Department of Theatre’s ‘In Pieces’: Performed With Intensity, But Fails to Fully Connect


“In Pieces” (Courtesy University of Utah Theatre Department)

By Megan Fisher, Arts Writer


Performed in the Babcock Theatre, located in the basement of the Simmons Pioneer Memorial Theatre, the most striking part of the University of Utah Theatre Department’s production of “In Pieces” is how they use the cramped space to their advantage. With only a few feet separating the audience and the performers, there is only a thin fourth wall present. The performers of “In Pieces” are able to puncture through this fourth wall to create a delicious and emotional intimacy which entirely fits the material. If performed in Pioneer Theatre or Kingsbury Hall, the humanity that “In Pieces” wants to convey would have gotten swallowed up.

A Song Cycle

There is no narrative to “In Pieces” and only the vaguest outlines of characters. “In Pieces” is what is referred to as a song cycle, made up entirely of music composed by Joey Contreras. There are no breaks for dialogue, even incidentally. Through Contreras’ songs, a foggy wisp of a theme forms. The audience follows eight young adults through the travails of love, from crushes to relationships to heartbreak.

With the characters of Charles (JT Kaufman) and Grey (Carson Peasley) we move through an unexpected friendship, the excitement of a new relationship, complications, implosions and moving onto meeting new people. We see Austyn (Alex Fish) pine from afar, get the girl and then wonder how long this fragile relationship will last. River (Lila Prince) pops in before and after a significant romantic relationship. The audience first meets Hunter (Mitchell Mosley) and Sam (Chloe McLean) as they are trying to decide whether to break off their four-year-long relationship, then lurks around as they move on before eventually coming back together.

Generic Music Fails to Express Specific Emotions and Experiences

Unfortunately, the expressionistic vignettes become a little repetitive. Does the same show need two songs in a row about pining for someone from afar? After the third song about missing an ex, one begins to feel as though this emotional territory has been covered. The form of a song cycle works against “In Pieces” because the songs cannot arise out of character.

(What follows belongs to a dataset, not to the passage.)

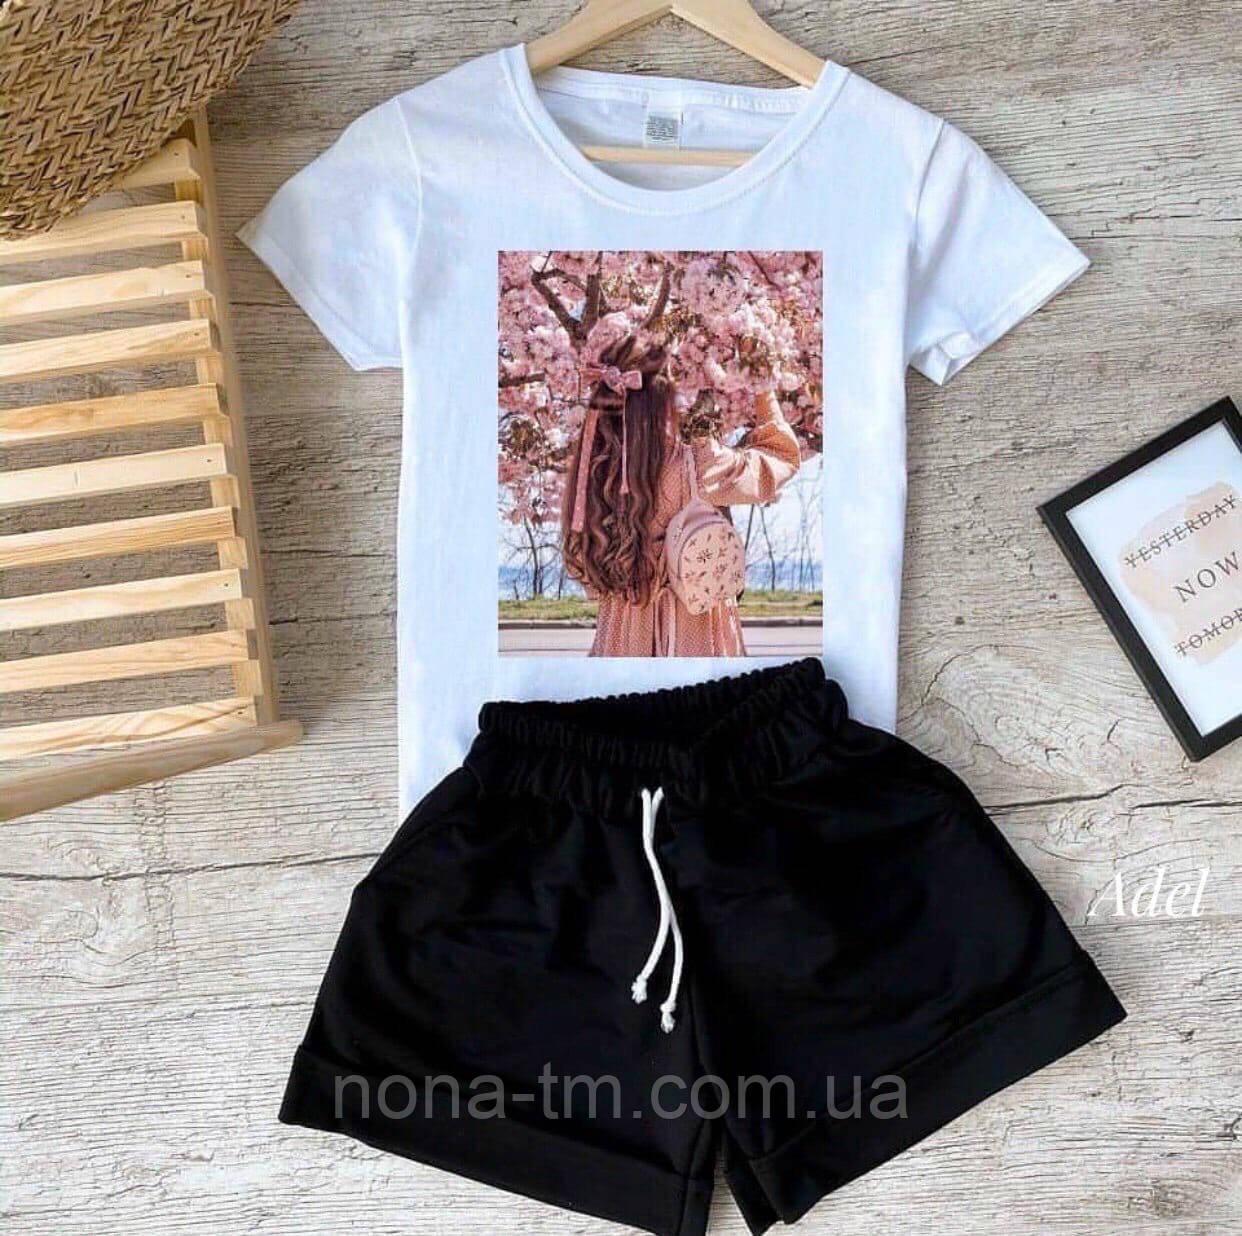 Стильний костюм жіночий з футболкою і шортами

All of the characters have the same voice, the same hope, experiences and way of describing them. As a result of the lack of specificity, they can only discuss love and relationships in broad, general terms. The song cycle never becomes the sketches of life and human existence that it wants to be.

The performers are all winning and energetic. They smile and belt as though they were in front of a crowd of thousands. However, they fail to convey lived-in experiences. Despite the performers best efforts, the music of “In Pieces” only amounts to tinny, soulless pop songs.

Although, time spent watching “In Pieces” is not ill-spent. The production passes by quickly and pleasantly, but one is struck by the fact that it could have been better. One could have learned about love and relationships while in the audience. “In Pieces” lives only on the surface, not able to get into the meat and marrow of its chosen topic, straddling the line between musical theatre and a pop concert.